I've been remembering some of these because I've had cats in my new neighborhood trying to invite themselves in. There's a big white one that's been hanging around for a while and who seems quite interested in coming inside, if I'd be agreeable. If not, I could just spend some time petting her while she rolls around on the ground, if I'd like.

I thought she might belong to the older lady who lived next door, since I saw her lounging in the front window once. Apparently she was just less cautious about her sneaking in than I was 'though, because the lady moved out almost a month ago and the cat is still hanging around. (She apparently belongs one more house over.)

More recently, I found this little black and brown one outside on a cold night, trying desperately to come inside.

I felt sorry for him but didn't want to let him in my apartment for the night, so I put a box lined with a bunch of towels out on the porch for him. (I peeked out the window later and saw him curled up in the box with his head poking up.) But not letting him inside was a real challenge. This has been the most aggressive cat I've ever found about trying to come inside. We spent some time with him trying to dodge around my hands and feet and make it inside. As a last ditch effort he poked his paw through the last crack of open door to keep me from closing it and then tried to wedge his nose through it. I kept telling him, "You don't live here," and I think he kept responding "I know. I don't care. It's cold out here."
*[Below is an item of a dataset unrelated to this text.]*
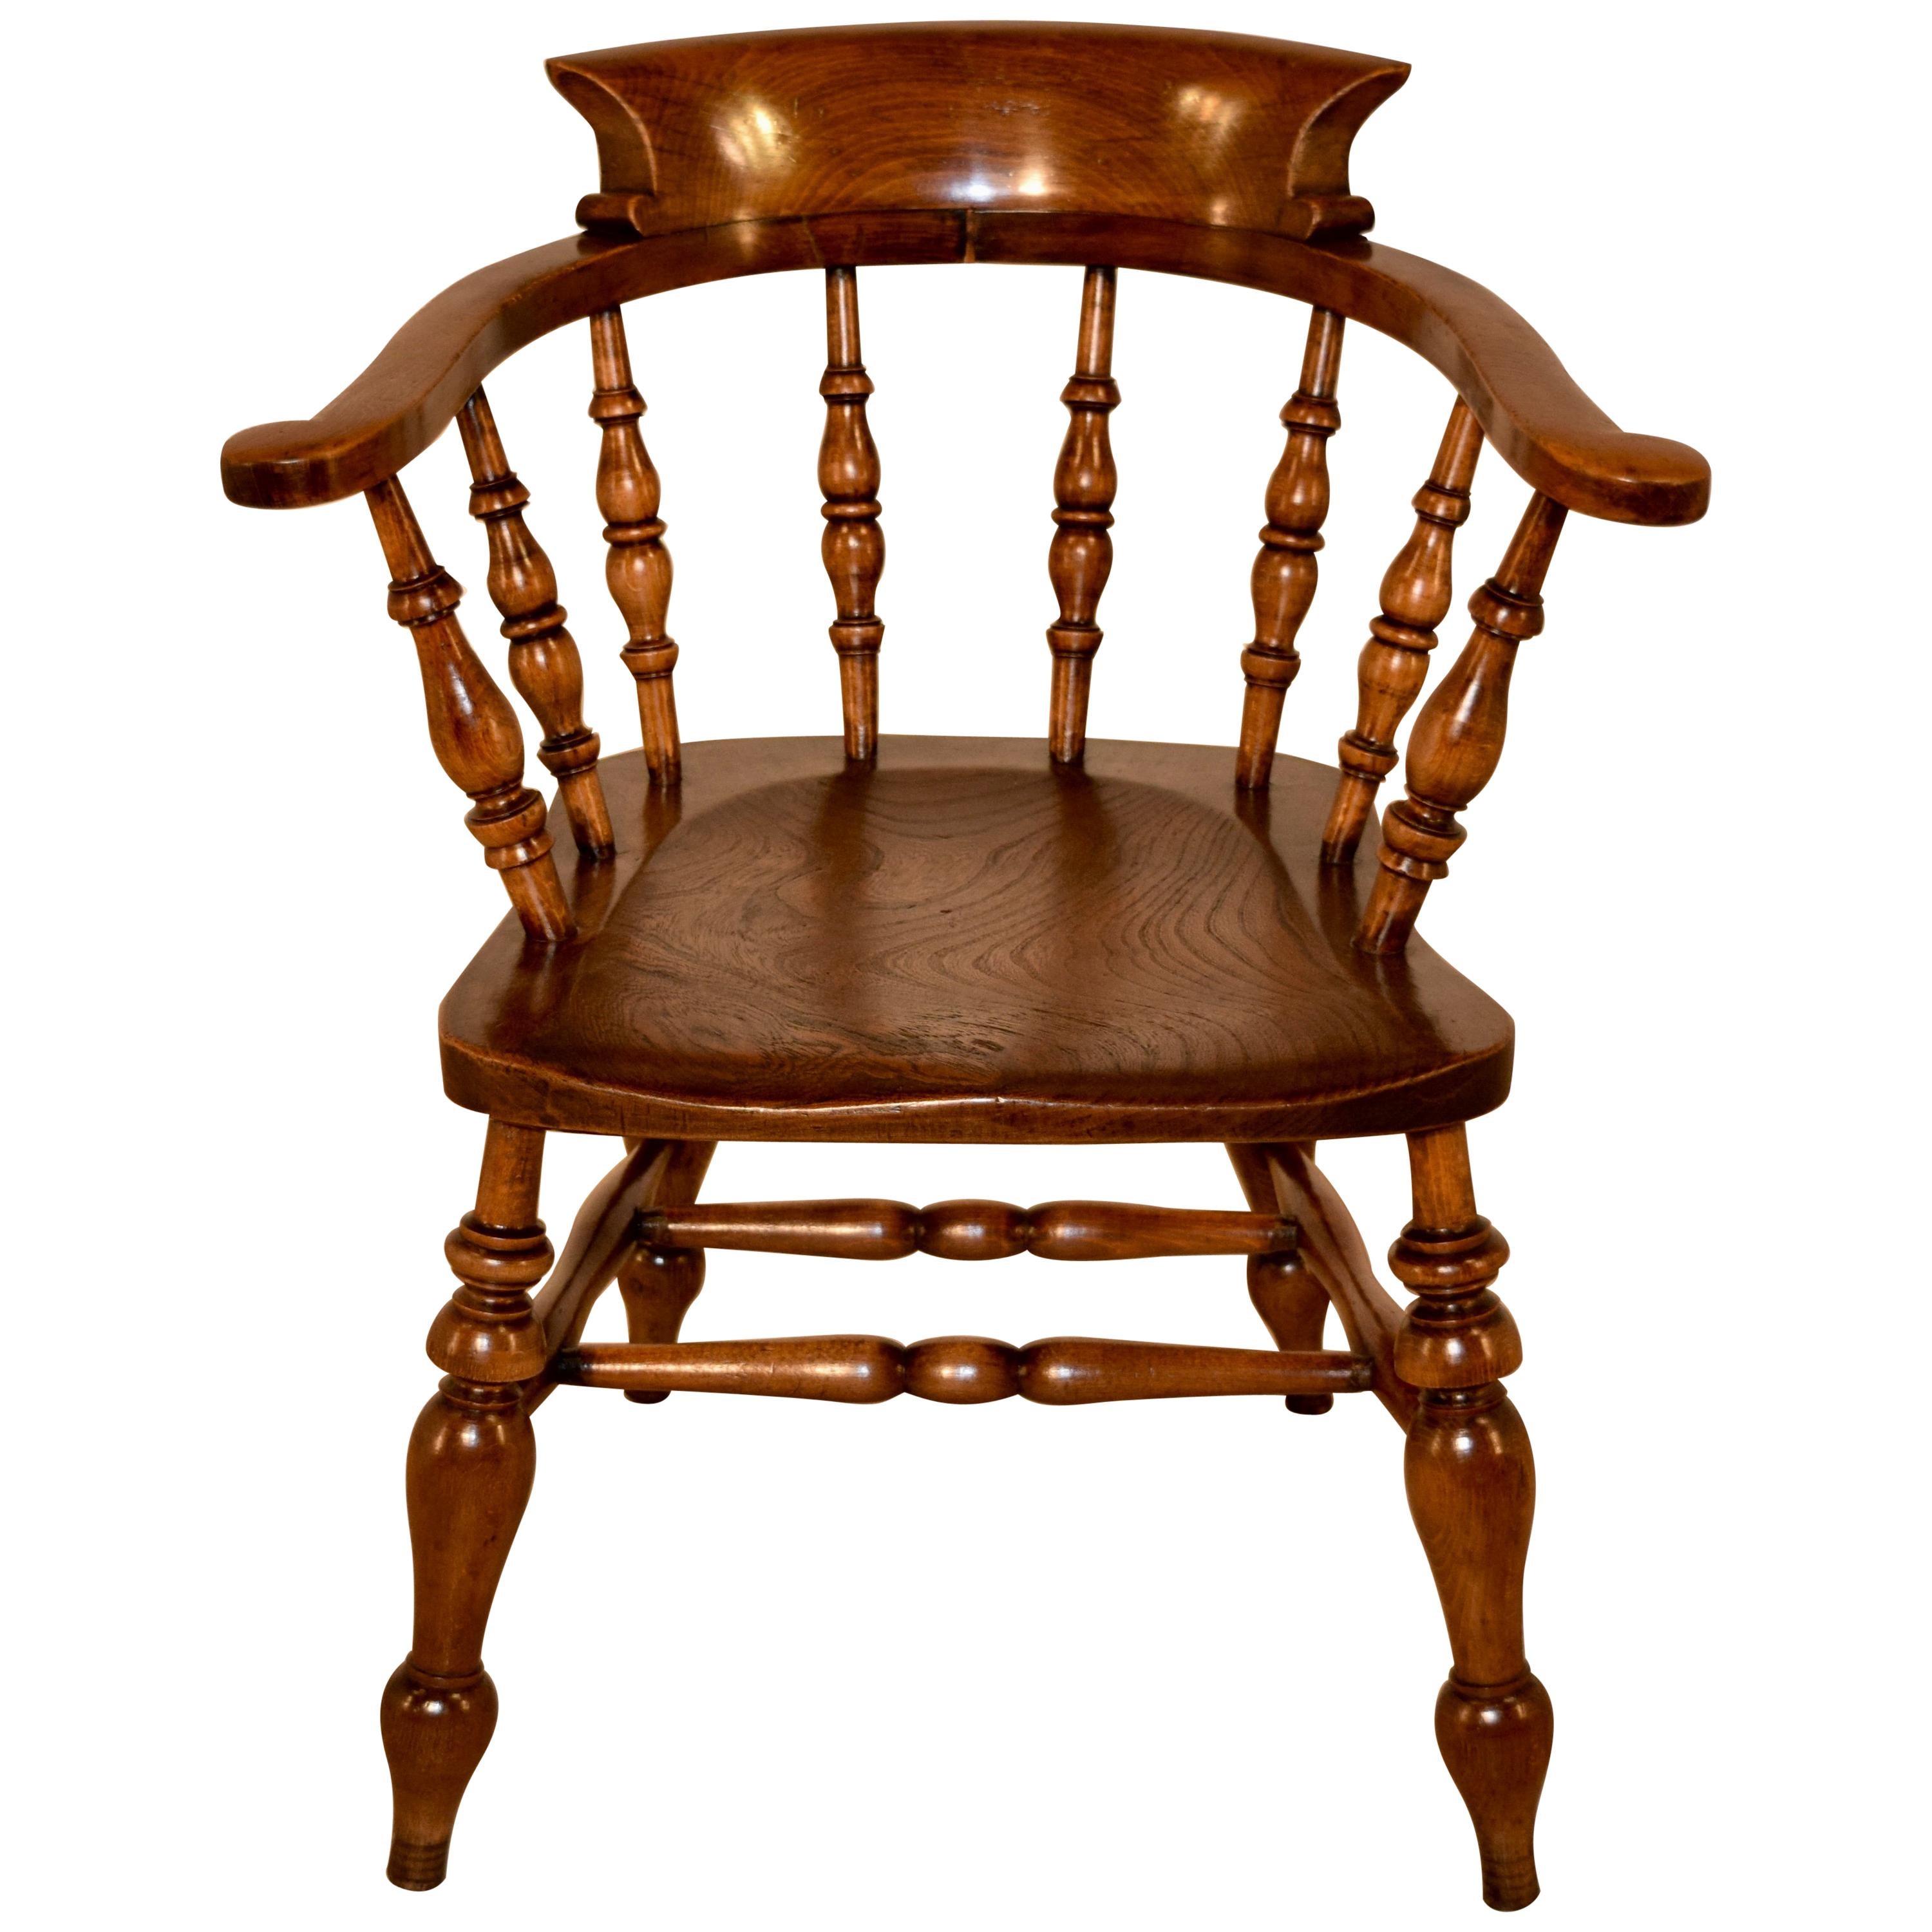 19th Century English Captain's Chair

Since then, he's proven to be just as aggressive, but incredibly sweet. If he sees me coming out, he'll come dashing up, collar jingling wildly, and try to get in my apartment. Once that's failed, he'll take all the petting I'll provide for as long as I'll sit with him. He gets very excited and starts poking his head under any hand of mine which is not currently in use. This morning when I finally stood up to leave, he stood up on his hind legs and grabbed my hand with his paws. "Hey, get back down here! I'm ever so cute!"
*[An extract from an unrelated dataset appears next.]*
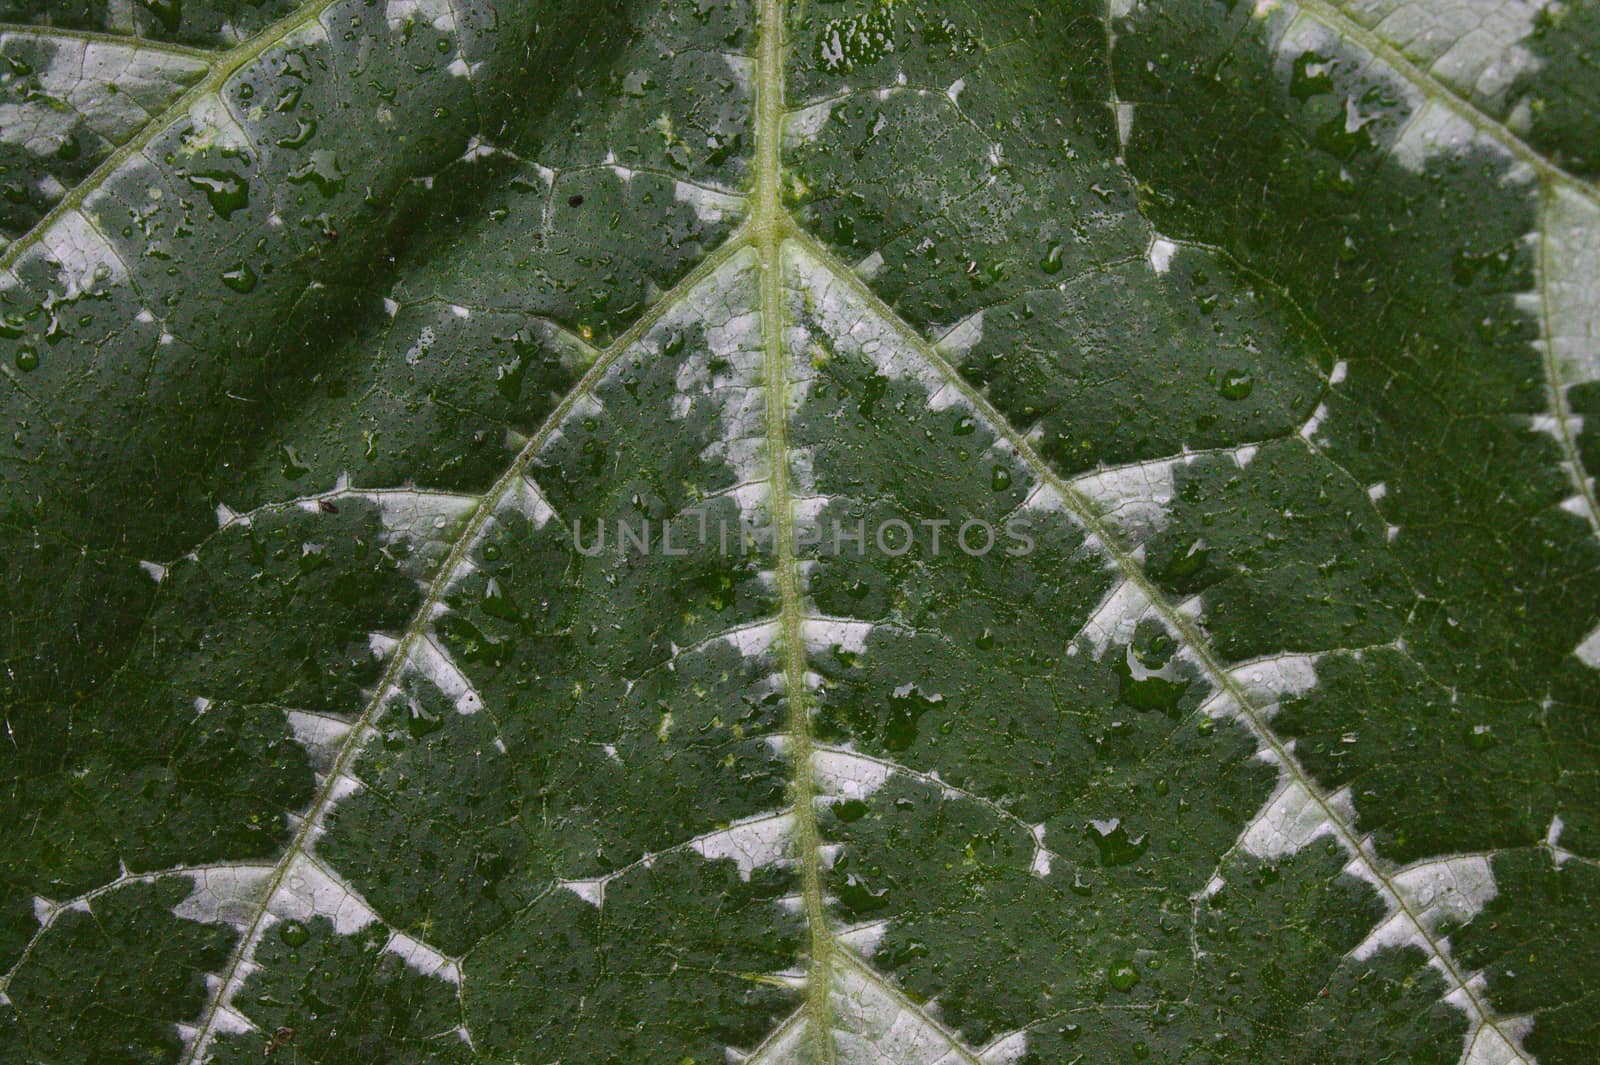 structure of a green leaf by martina_unbehauen

So far, I've avoided actually ending up with a cat, but I know I have the "Sucker" sign printed on my forehead (which animals in need can always read), so I assume it's just a matter of time.

Wednesday, March 01, 2006

Skewing the Statistics

I ran across a great article on what professors post on their doors in academia, and I think we may be an interesting outlier. (Seriously, the article is fun if you're in academia, or were there not long ago.) The author suggests that most posts break down into either humorous or items of serious pedagogical content. He does mention that there are plenty of other items posted:
...including provocative political commentary (protected by the venerable tradition of academic freedom), reproductions of famous works hanging in museums, finger paintings by professorial spawn, and other precious and smarmy visuals that Gasman and Epstein relegate to the lumpen category, "art."

Of course, I'm not sure about some of these distinctions. Are political commentary and reproductions of great art neither pedagogical nor humorous? My own bulletin board includes the articles on cell phone tracking and implanted human ID chips that I mentioned earlier, which I consider essentially educational; perhaps someone else would classify them as political. I also have this cartoon ("Let the kids decide") about creationist nonsense (many thanks to Oklahomans for Excellence in Science Education for having this up), which probably qualifies as humorous, educational, and political. But I digress.
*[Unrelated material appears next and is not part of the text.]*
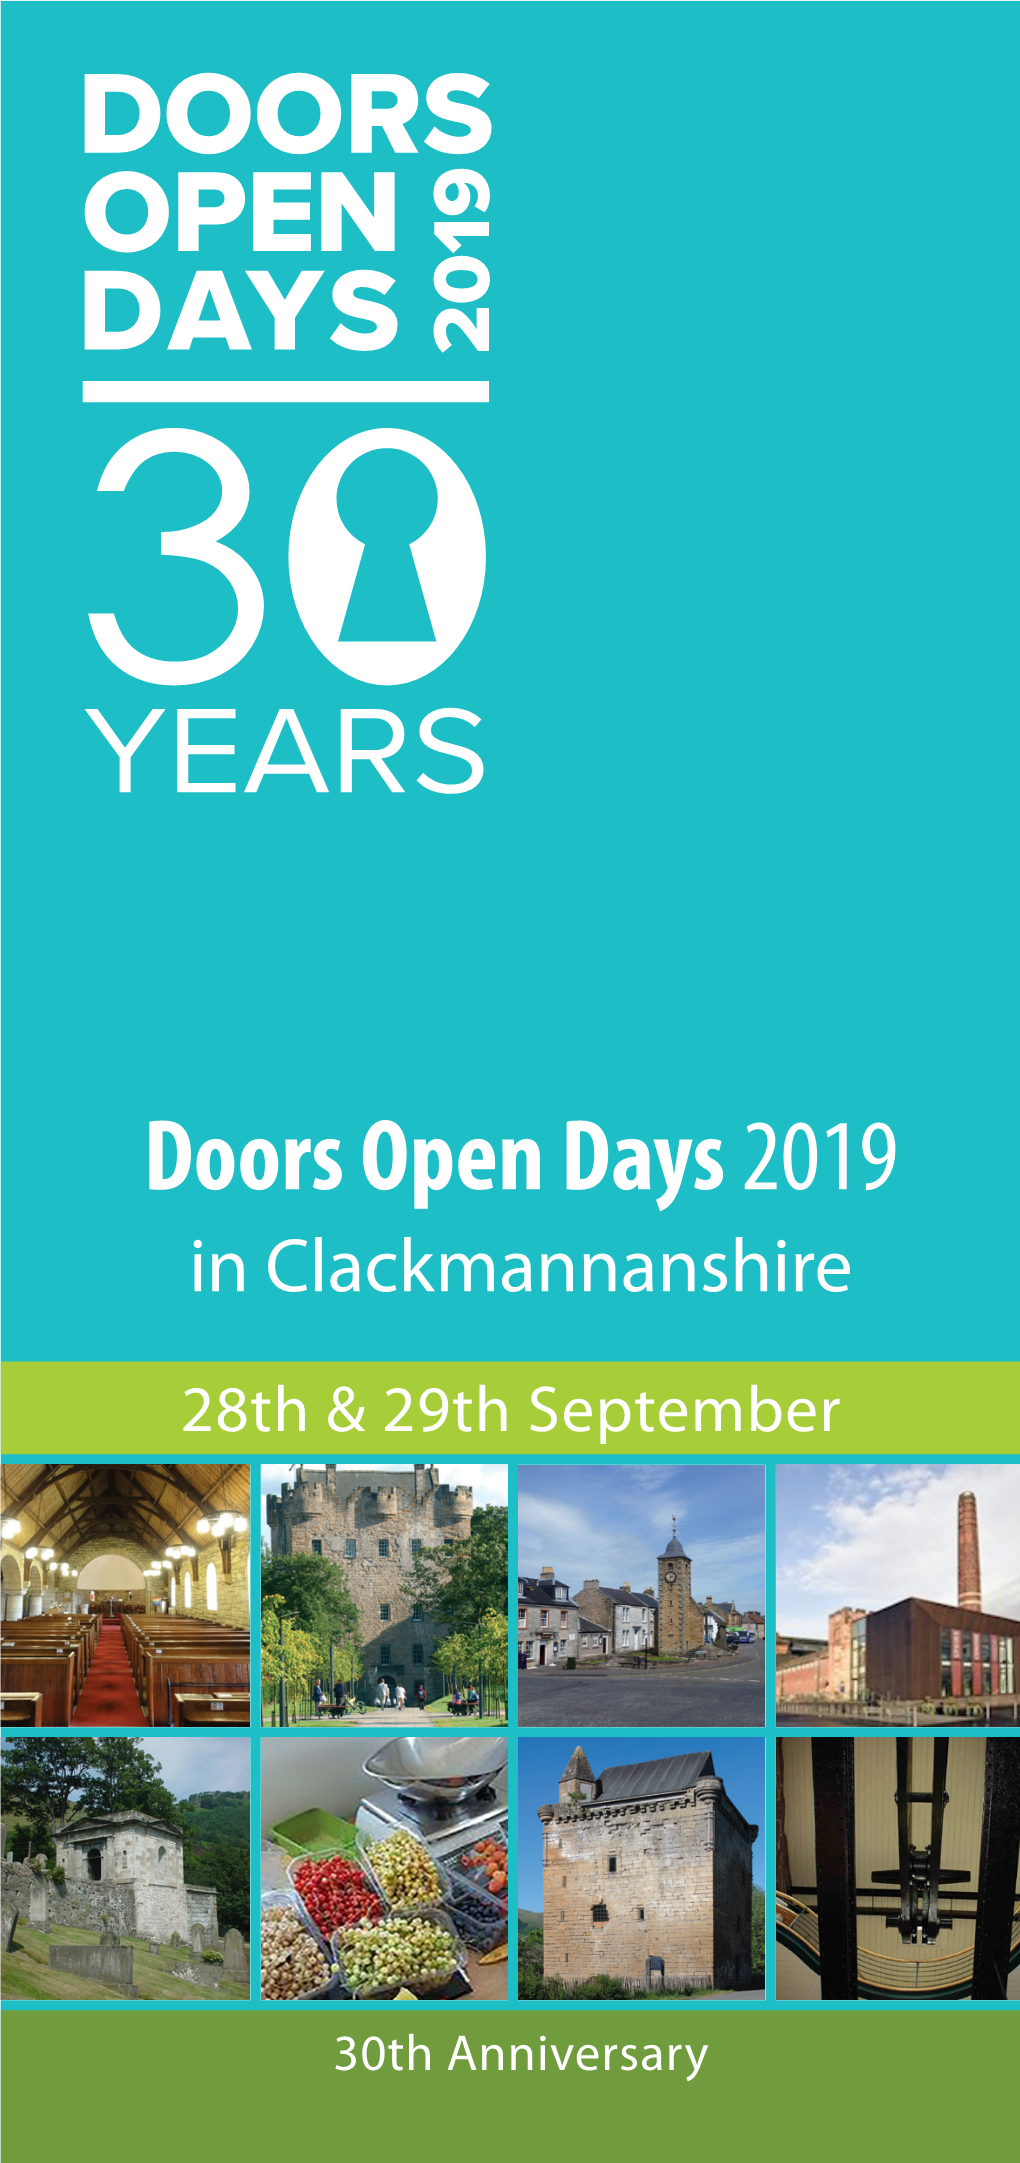 Doors Open Days 2019 in Clackmannanshire

Nothing anywhere in the article suggests that he ever ran across a door with the likes of Ooga Booga on it. Of course, if he did I'm sure he assumed it was in the kids finger-painting category and not thought much more about it. Our students tend to assume that. (Also, I have to grant that these are not on a particular persons door, but on the door to our common room we use for testing and which contains the fridge and printer. I'm not sure if that's better or not.)